Introduction

Overweight and obesity represent notable risk factors for many non-communicable diseases, and contribute significantly to global mortality rates [1,2,3]. Indeed, it has been estimated that by 2030, obesity and overweight will dramatically increase [4]. Obesity and overweight are associated with many diseases and clinical conditions, such as diabetes, cardiovascular disease (CVD), disability, depression, and early mortality [5].

Various anthropometric indexes can be used to get an overview of the body composition and health status of the body [6]. For example, body mass index (BMI), hip circumference (HC), waist circumference (WC), and WHR can be used to measure and monitor obesity [7]. In recent years, novel anthropometric indexes such as VAI and BAI have been introduced to measure body fat distribution accurately [8]. BAI appears to represent a good assessment of fat percentage using HC, height, and gender [9]. Whilst VAI is used to evaluate adipose tissue and its function based on gender by using anthropometric and biochemical parameters, such as waist circumference, body mass index, blood triglyceride concentration, and blood cholesterol [10].
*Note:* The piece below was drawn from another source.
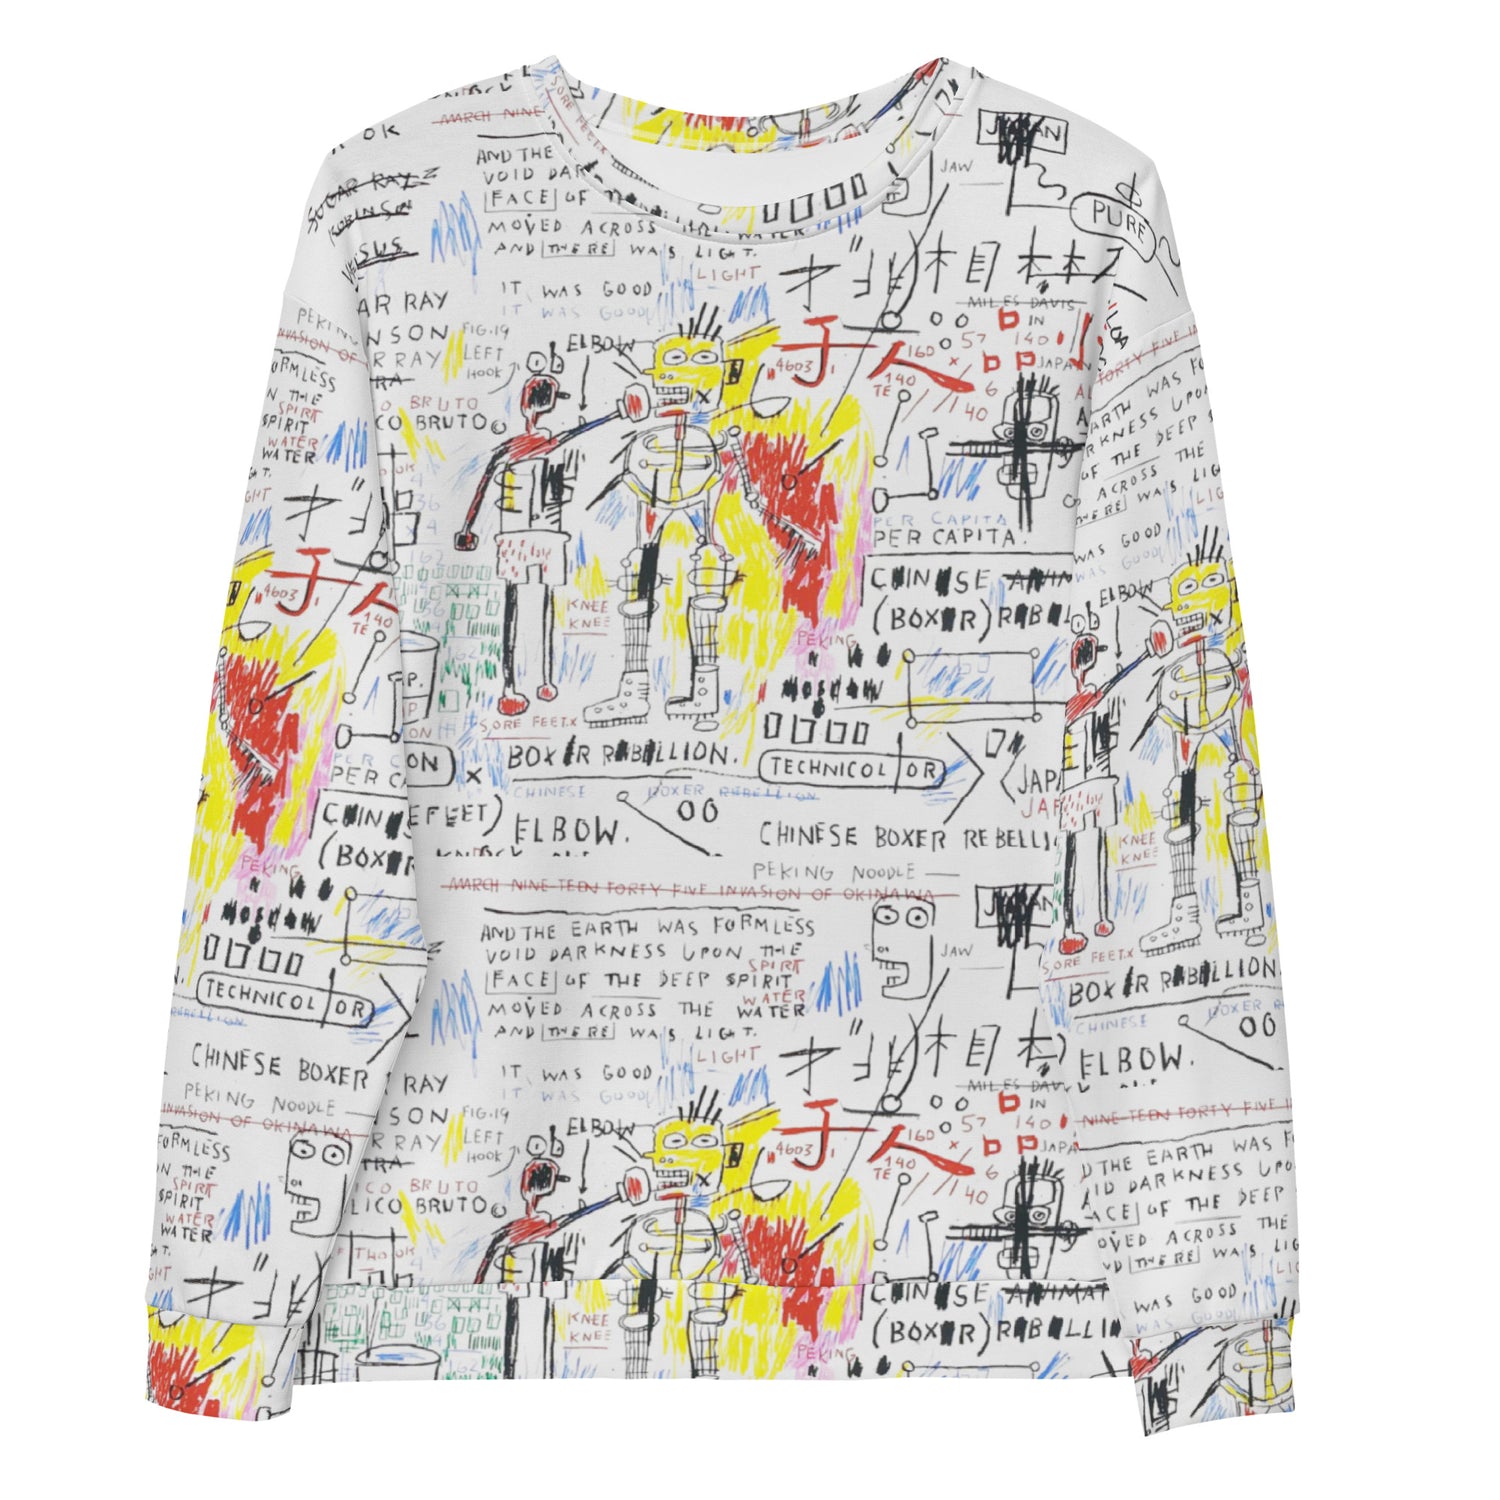 Jean-Michel Basquiat "Boxer Rebellion" Artwork Printed Premium Streetwear Crewneck Sweatshirt Harajuku Graffiti

Throughout the body, including adipose tissue, the plasma membrane contains a small (50–100 nm) complex, invaginations, and flask-shaped specialized structures, called caveolae, that have cholesterol and sphingolipids in their structure [11]. Caveolae are involved in lipid metabolism, signal transduction, and endocytosis [12,13,14,15]. Caveolae contain proteins called caveolin [16], which are integral membrane proteins that have scaffolding functions, and are regulators of many signaling pathways [17, 18]. There are three forms of caveolin: caveolin 1, caveolin 2, and caveolin 3, which are expressed differently and can all affect obesity [19]. Caveolin-1 is expressed in adipose tissue, caveolin-2 is expressed with caveolin-1 to form hetero-oligomers, and caveolin-3 is the muscle-specific isoform of caveolin [12, 15]. As an interactive gene, caveolin interacts with cholesterol and plays an essential role in its metabolism and regulation [20]. Due to the notable interaction of caveolin with cholesterol, animal studies have shown the significant effect of a high-cholesterol diet on the expression of the caveolin gene [21].

The quality of dietary fat intake is related to obesity and body fat percentage, and to examine this relationship, all aspects of fatty acids in the diet should be considered [22]. Indeed, most studies have been performed on the role of diet in the expression of the caveolin gene in animals. According to such studies, caveolin can be influenced and regulated by obesity and diet [23]. Fat consumption is known to impact adipose tissue [24]. Moreover, to evaluate the quality of dietary fat, several indicators can be used, including the cholesterol-saturated fat index (CSI) [25] and W6/W3 ratio [26].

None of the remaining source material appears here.